Descartada también por inservible la historia remota y la reciente, se rescata “la del día”, delicada manera de llamar a las intrigas y los chusmeríos que agitan la vida cortesana, conocimiento imprescindible para ser del agrado de unos y de otros.  

  La carga final contra la enseñanza de conocimientos se lanza sobre la aritmética, con términos que hoy resultan muy familiares: “¡Se ahoga el espíritu de los niños bajo un montón de conocimientos inútiles; pero de todas las ciencias, la más absurda, la que más asfixia cualquier genio es la geometría. Esta ciencia ridícula tiene por objeto superficies, líneas, y puntos, que no existen en la naturaleza!”. Como otro estorbo es desechada la agrimensura, por la que no vale la pena que se sequen los sesos del joven marqués, siendo que cuando necesite, pagará a un agrimensor para que haga el plano de sus tierras. Finalmente, se decide que Jeannot aprenderá la danza y compondrá versos, aunque a menudo, cuando le sobren o le falten sílabas en el armado de sus frases hechas, deberá pagar a un poeta, para que agregue las faltantes o rebane las sobrantes. 

Se recordará que, cuando sus padres se encuentren fundidos, Jeannot tendrá como único destino posible ser soldado, es decir, ir a hacerse matar en cualquier campo de batalla europeo, y será el bueno de Colin quien le evite ese destino. Dos veces, Jeannot había dado la espalda al estudio, so pretexto de su inutilidad, cuando se tiene dinero para contratar a quienes tienen los conocimientos. 

Puede entenderse, y no sería errado, que con esta ficción Voltaire vuelve a llevar la carga contra una nobleza improductiva, incapaz de hacer nada por sí misma, condenada a la dependencia de quienes saben, de quienes tienen los conocimientos y, por eso mismo, imposibilitada de sobrevivir como tal, de no cambiar. Así, se contrapone el labriego padre de Colin, que envía a su hijo a la escuela y los padres de Jeannot, que por dos veces lo privan del conocimiento escolar, en nombre de su condición de “marqueses”. En el diálogo del preceptor  con los padres, el criterio decisivo para descartar las diferentes ciencias es su inutilidad con respecto al propósito buscado, a saber, el lucimiento cortesano del joven marqués. Para la improductivad de la corte, saber bailar y componer versos chuecos alcanza y sobra.
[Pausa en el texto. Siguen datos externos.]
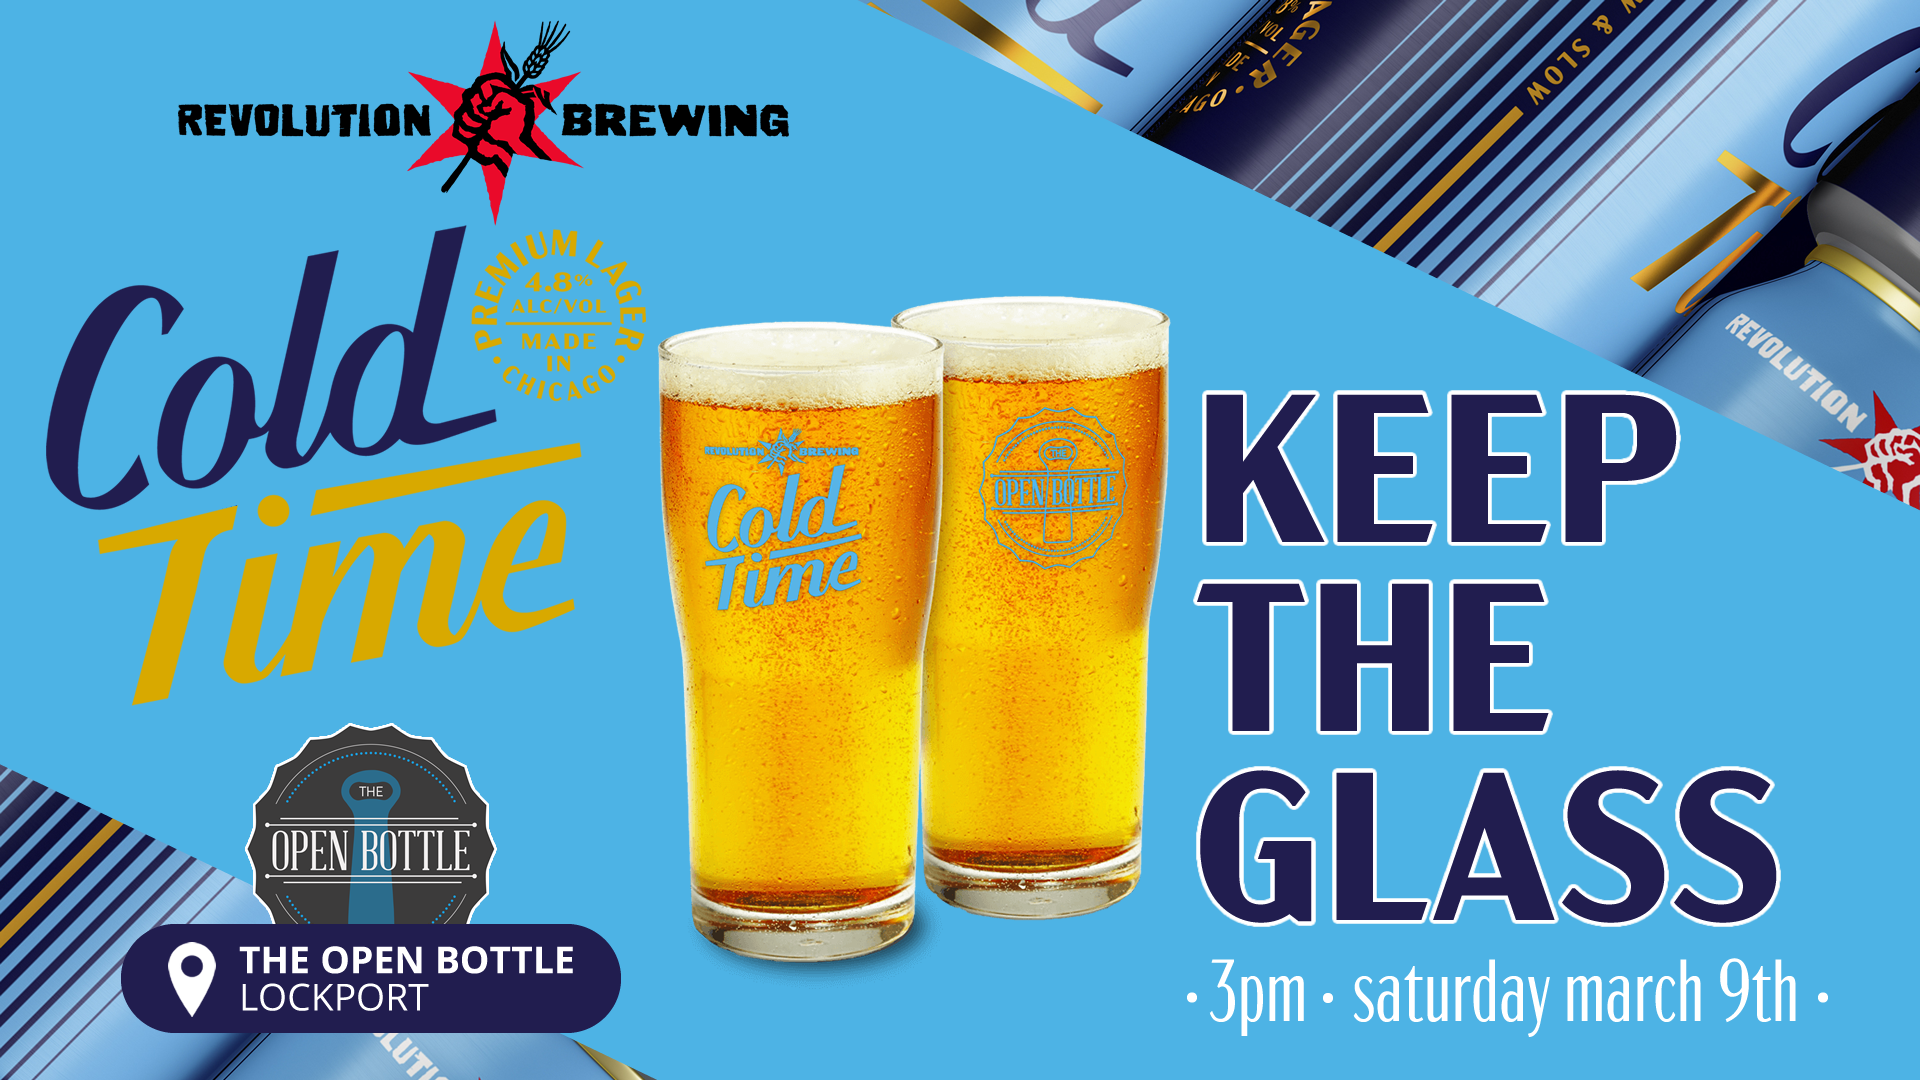 Event: Revolution Cold Time Keep the Pint Night

Ahora bien, lo interesante, a mi modo de ver, es que no puede decirse que lo estudiado por Colin en sus años escolares sea de patente utilidad para la vida laboral que comparte con su esposa, y a la que invita a sumarse a Jeannot: se trata de una manufactura de objetos de metal. Nada indica que los conocimientos escolares -librescos- que recibió Colin hayan sido de directa utilidad para la fabricación de pequeñas piezas metálicas. Dicho de otro modo, es posible conjeturar que tan inútiles eran para la vida en la corte de Jeannot los conocimientos de latín, astronomía, historia o geometría que nunca tuvo, como eran los estudios escolares para la vida laboral de Jeannot. 

En ese sentido, el relato estaría diciendo que la “utilidad” del estudio y de los conocimientos no radica en su empleabilidad, ya sea en la corte, ya sea en una manufactura de piezas de metal, sino que su “utilidad” es de otra índole, más inasible, menos inmediatamente reconocible como “utilidad”. La actualidad del asunto -la ligazón de la enseñanza y los para qués: su instrumentalidad- no deja de sorprender en este relato dieciochesco.

En Jeannot et Colin, el periplo fue a tierras cercanas: la tierra incógnita y “salvaje” por la falta de piedad de sus habitantes es París. La civilización queda en Colin y en su esposa, una gordita “groseramente agradable”.